══ Listed records
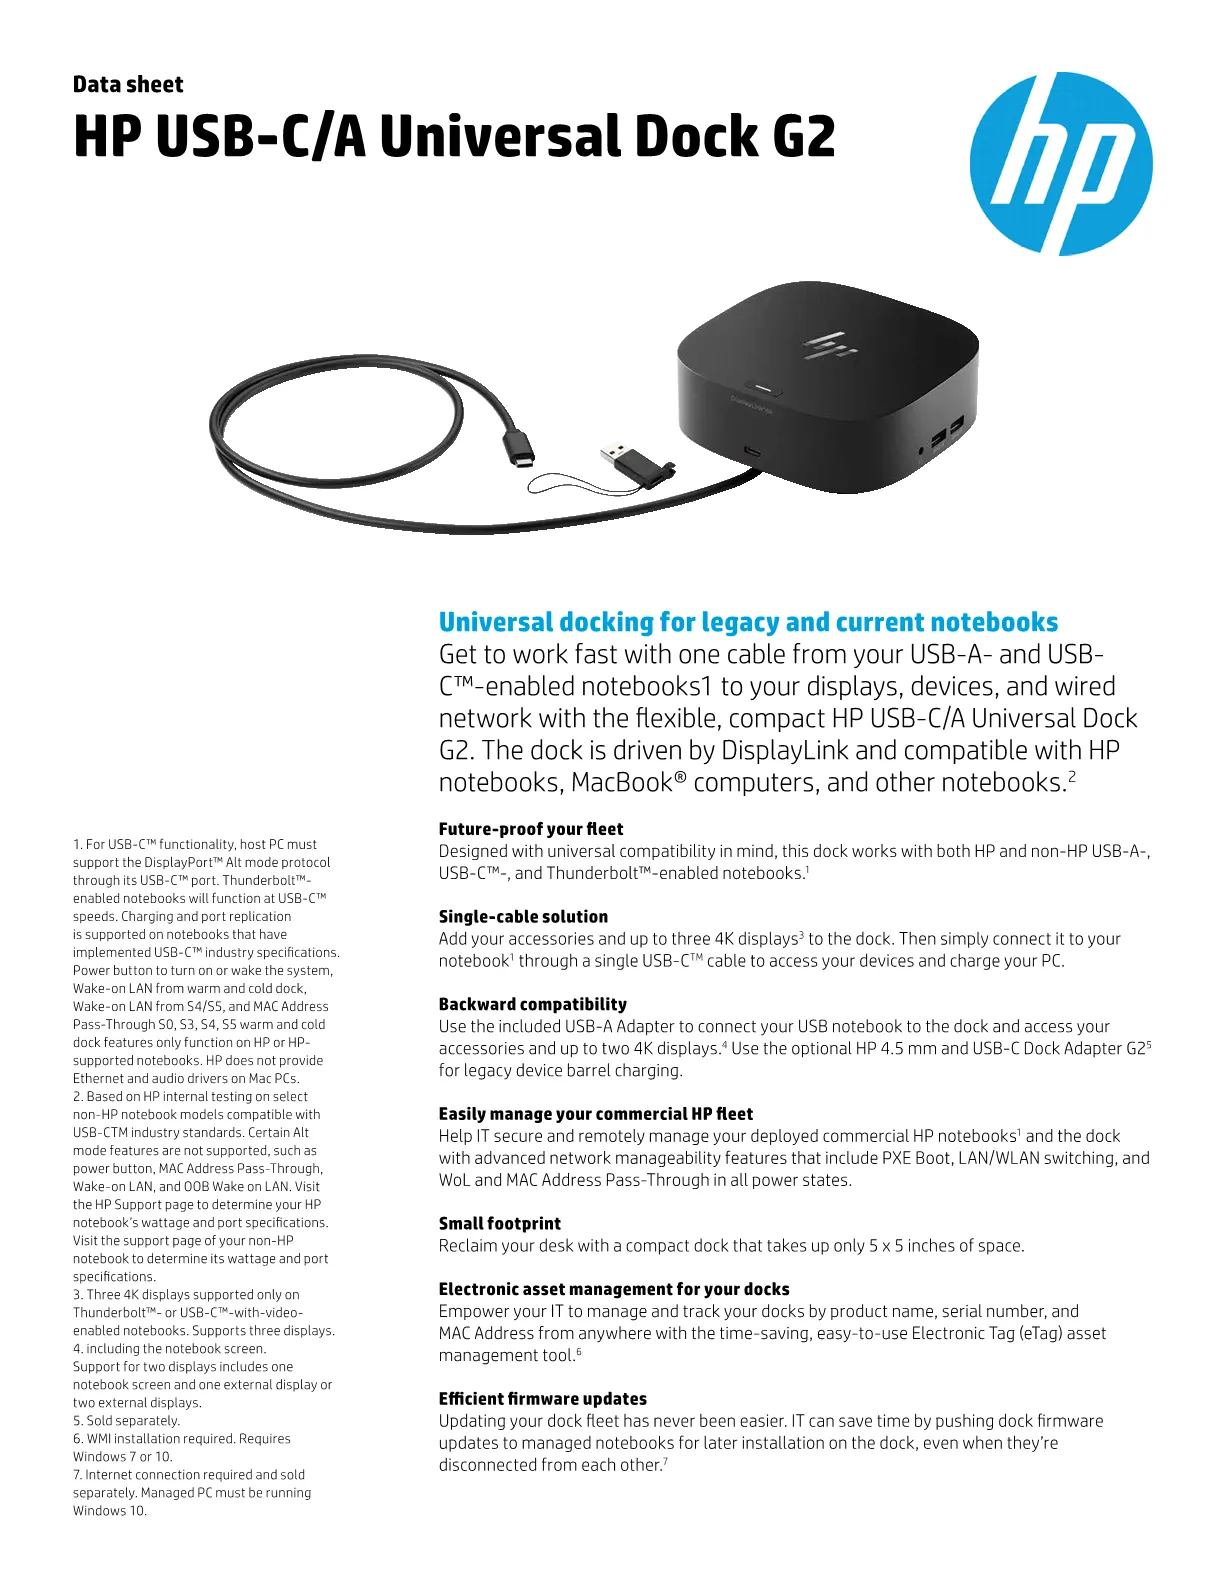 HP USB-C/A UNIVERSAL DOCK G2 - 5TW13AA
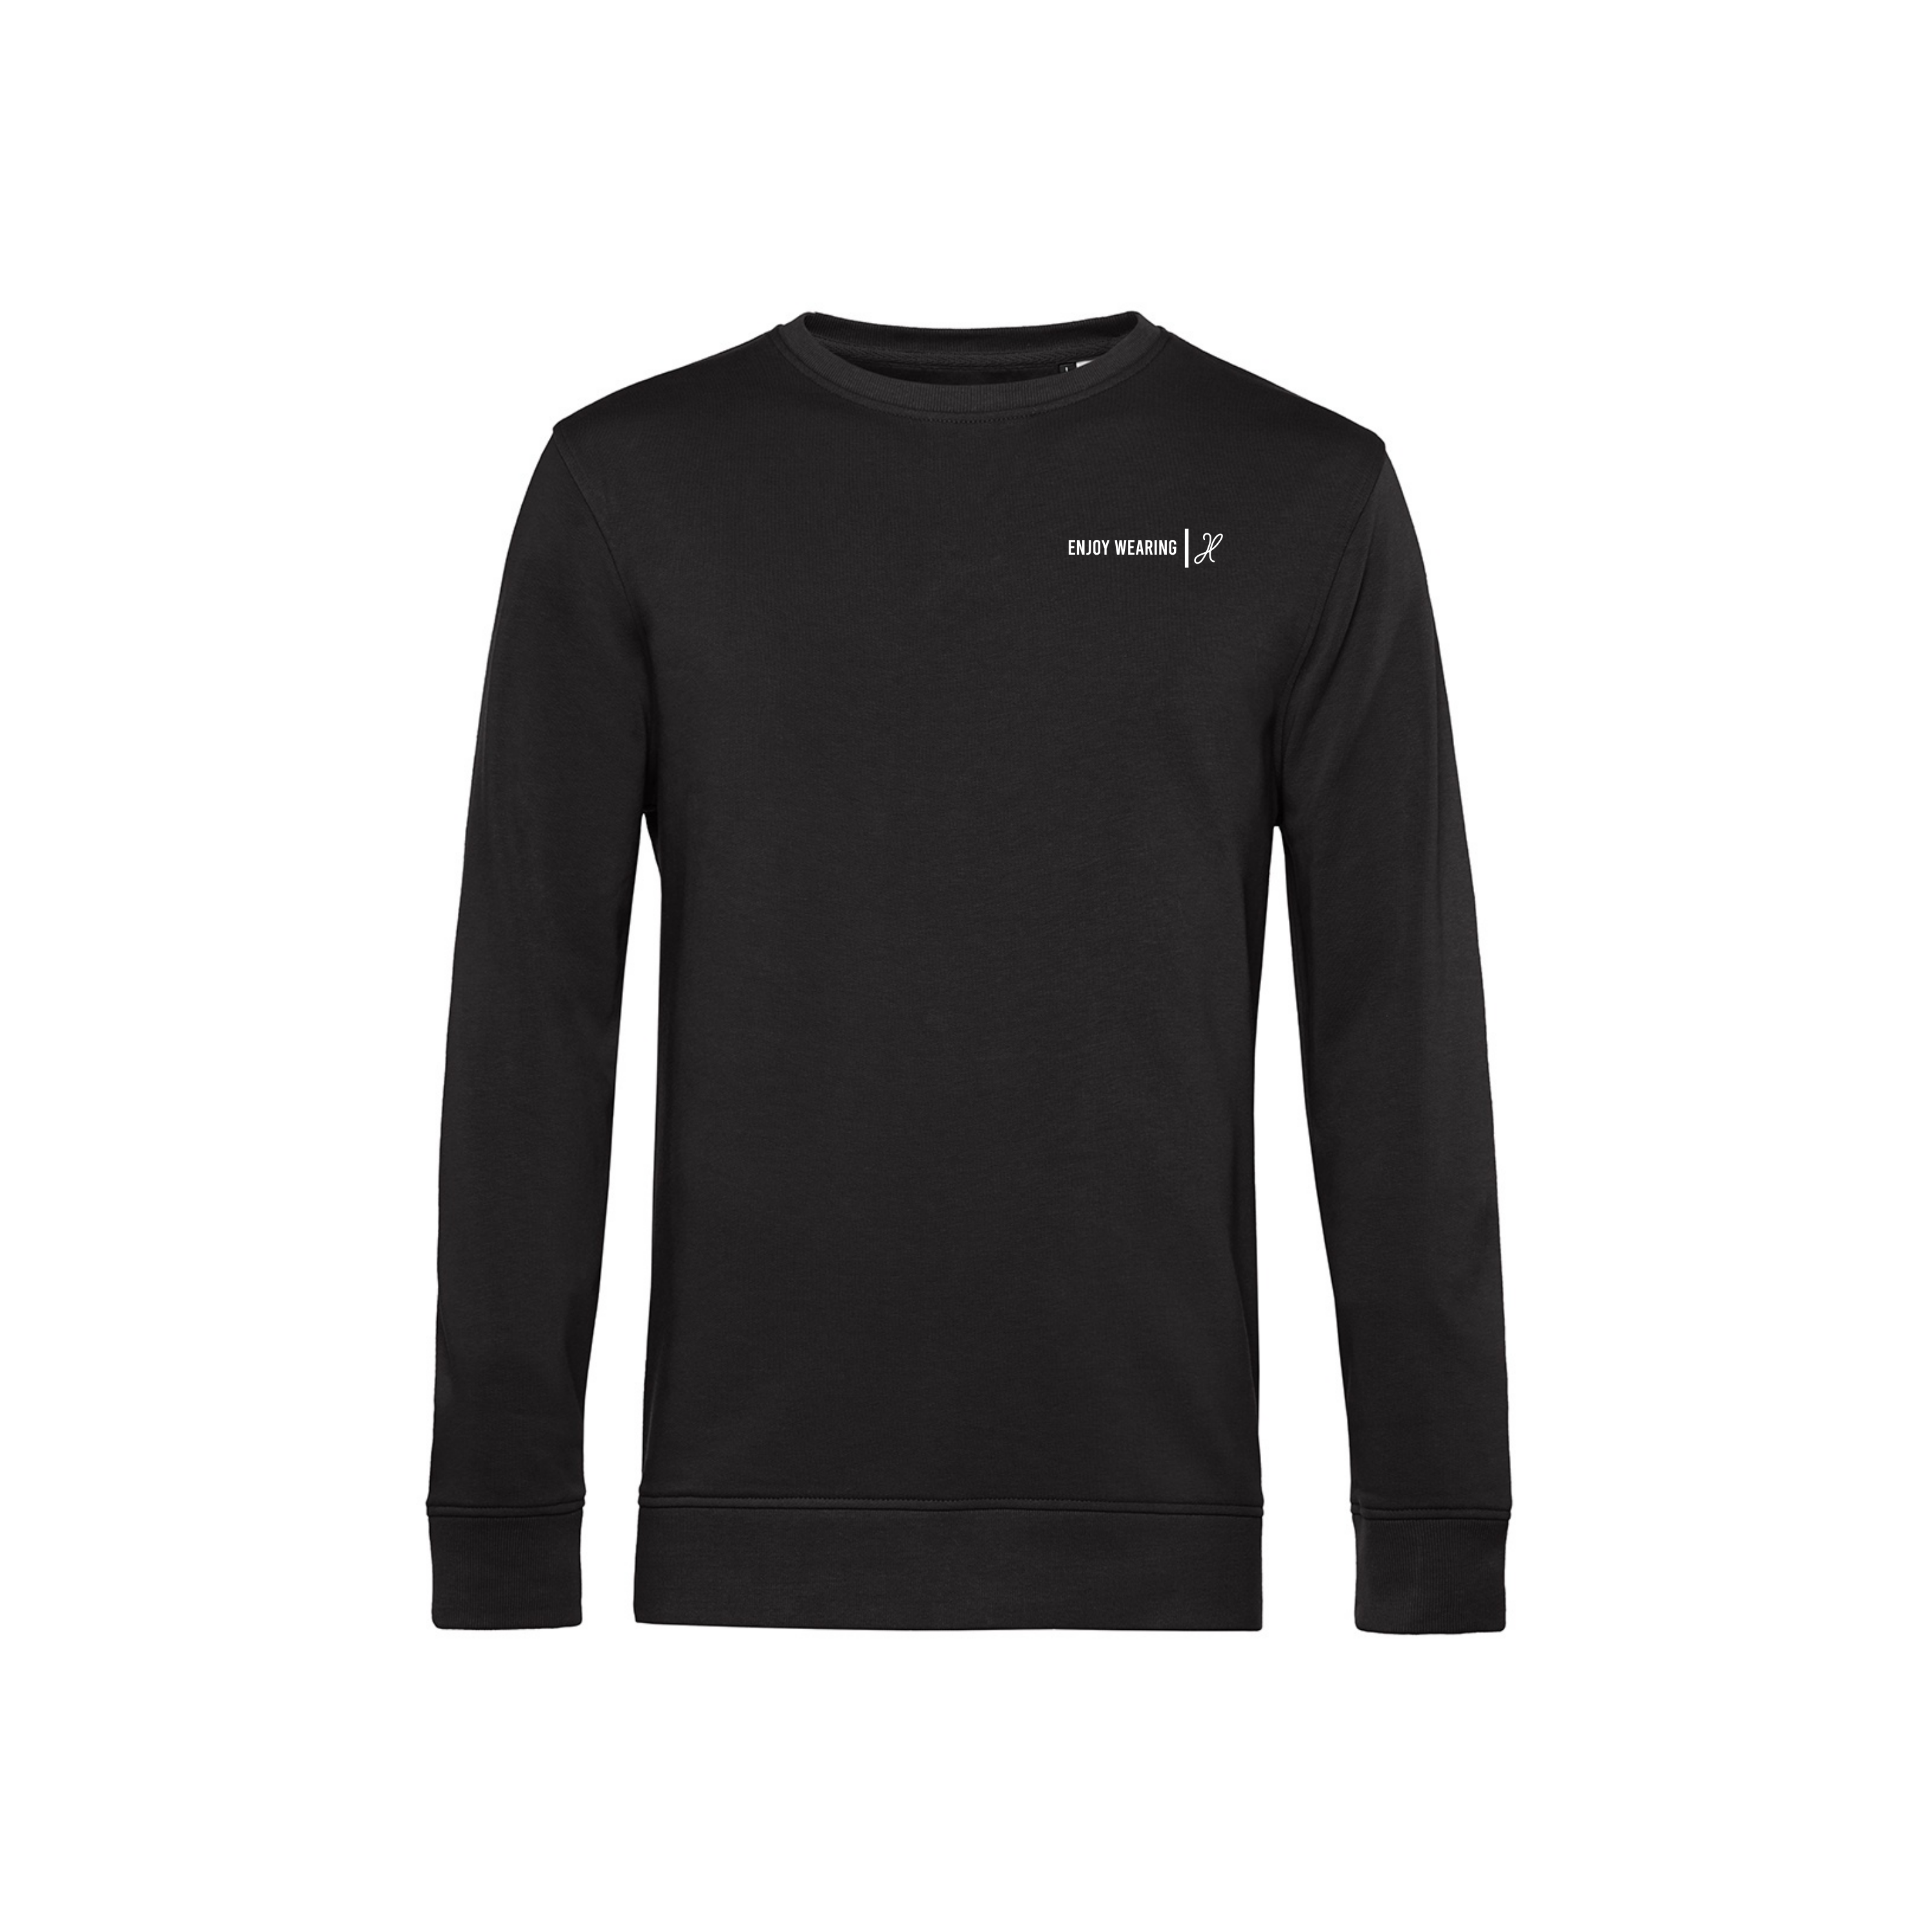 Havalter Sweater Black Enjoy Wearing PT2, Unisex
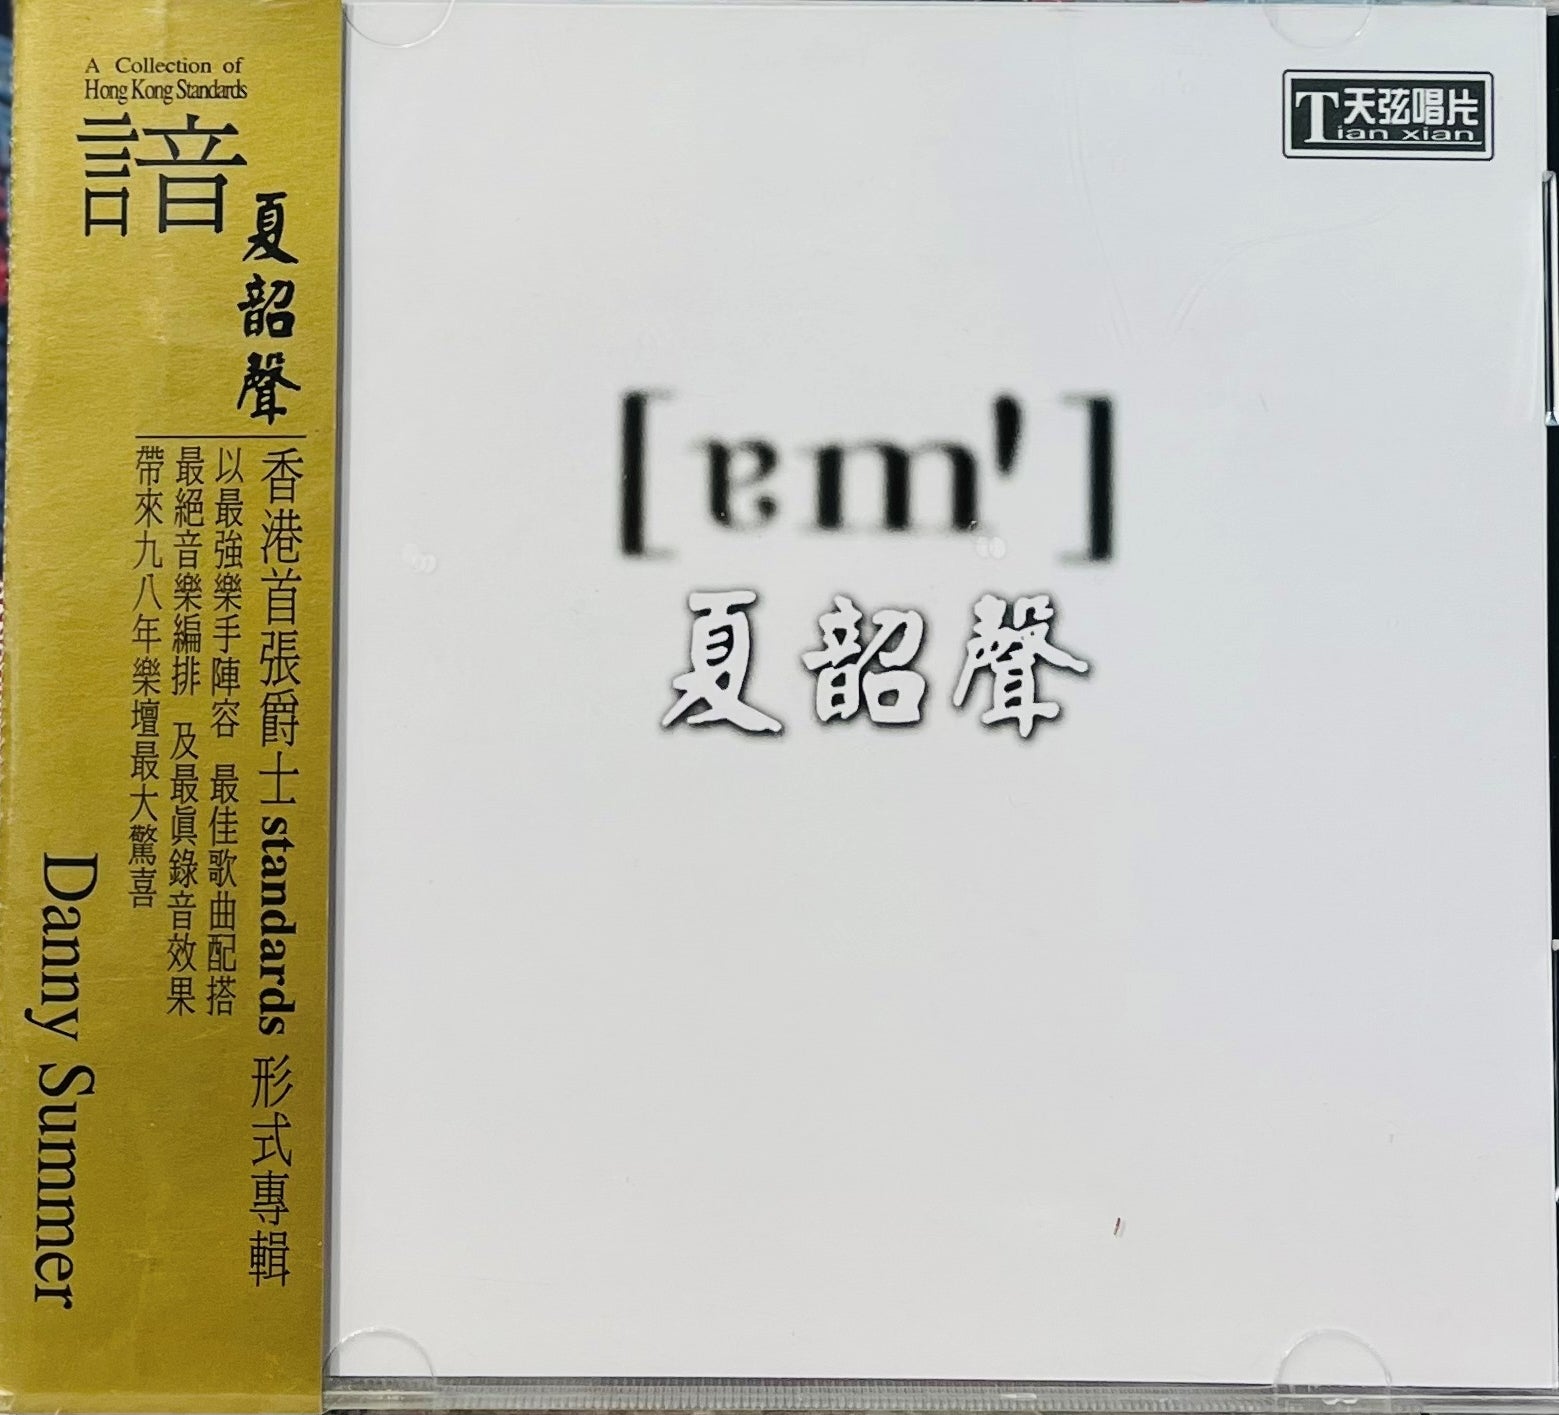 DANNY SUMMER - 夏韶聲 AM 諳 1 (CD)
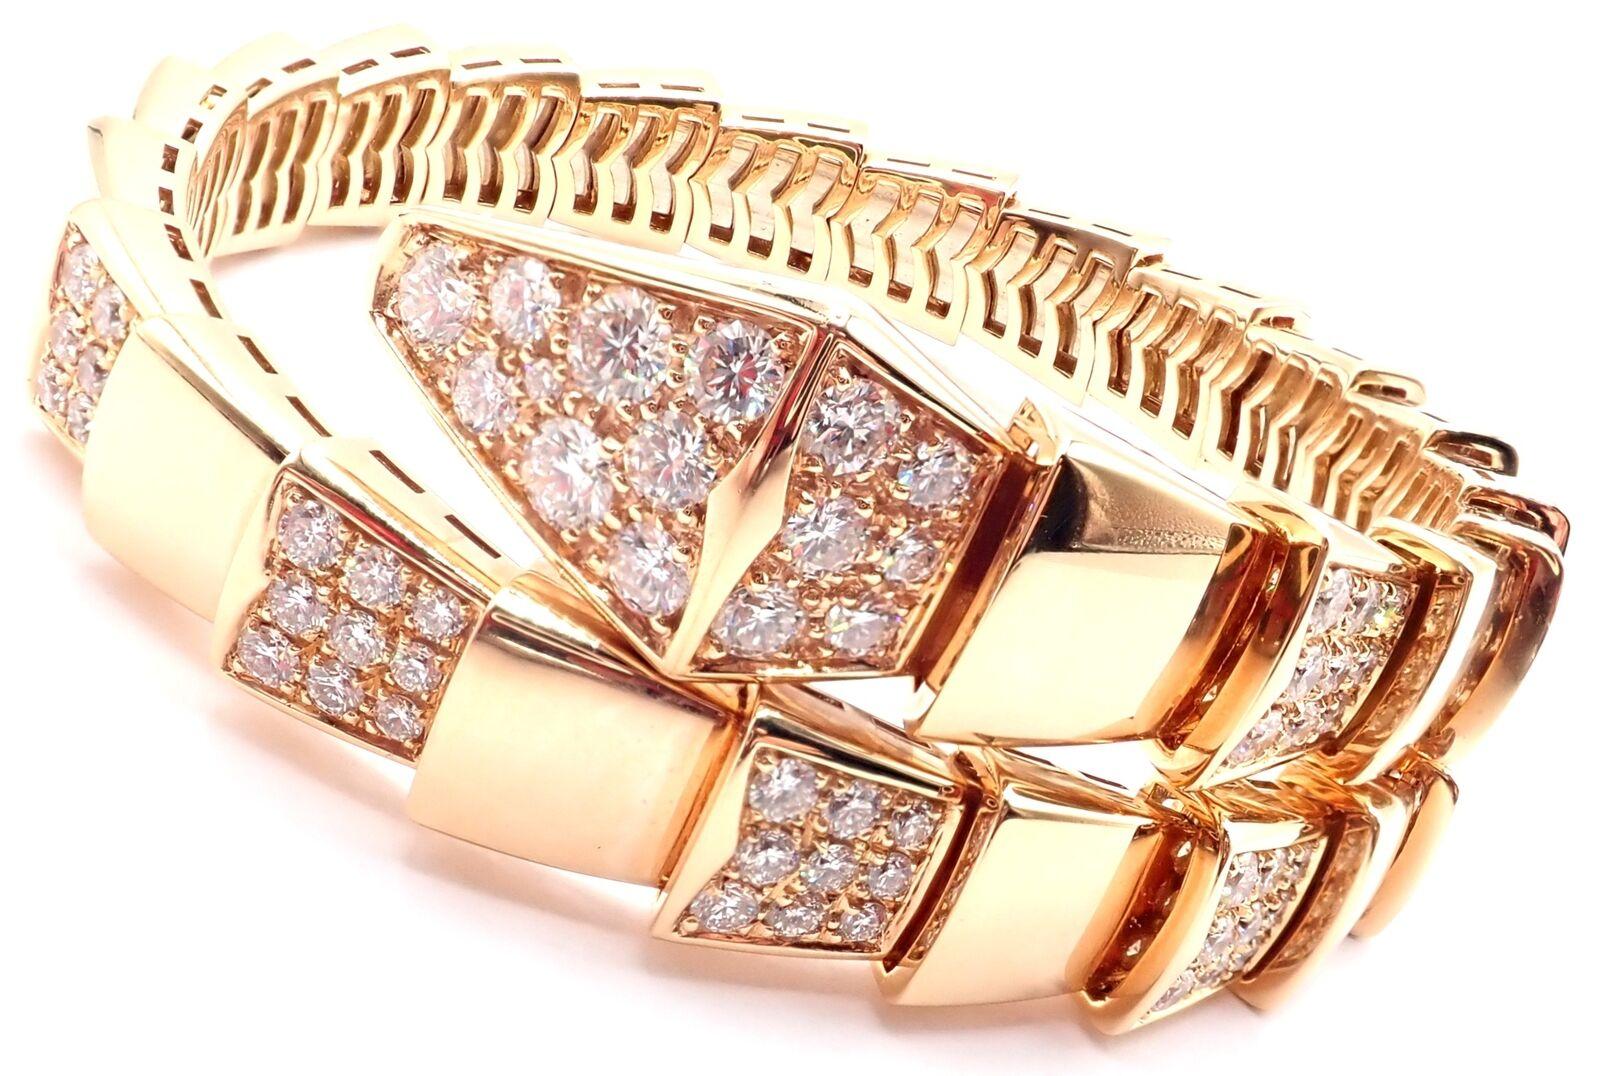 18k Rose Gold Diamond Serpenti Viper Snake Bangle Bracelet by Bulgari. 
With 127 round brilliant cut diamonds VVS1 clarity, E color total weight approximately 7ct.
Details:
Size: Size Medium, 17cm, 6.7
════
Your goal => Keep out the pictures, and copy exactly the lines from the one that contains "DANNY SUMMER - 夏韶聲 AM 諳 1 (CD)" through the final line of the records above, both ends included.

Your response =>
 DANNY SUMMER - 夏韶聲 AM 諳 1 (CD)
 18k Rose Gold Diamond Serpenti Viper Snake Bangle Bracelet by Bulgari. 
With 127 round brilliant cut diamonds VVS1 clarity, E color total weight approximately 7ct.
Details:
Size: Size Medium, 17cm, 6.7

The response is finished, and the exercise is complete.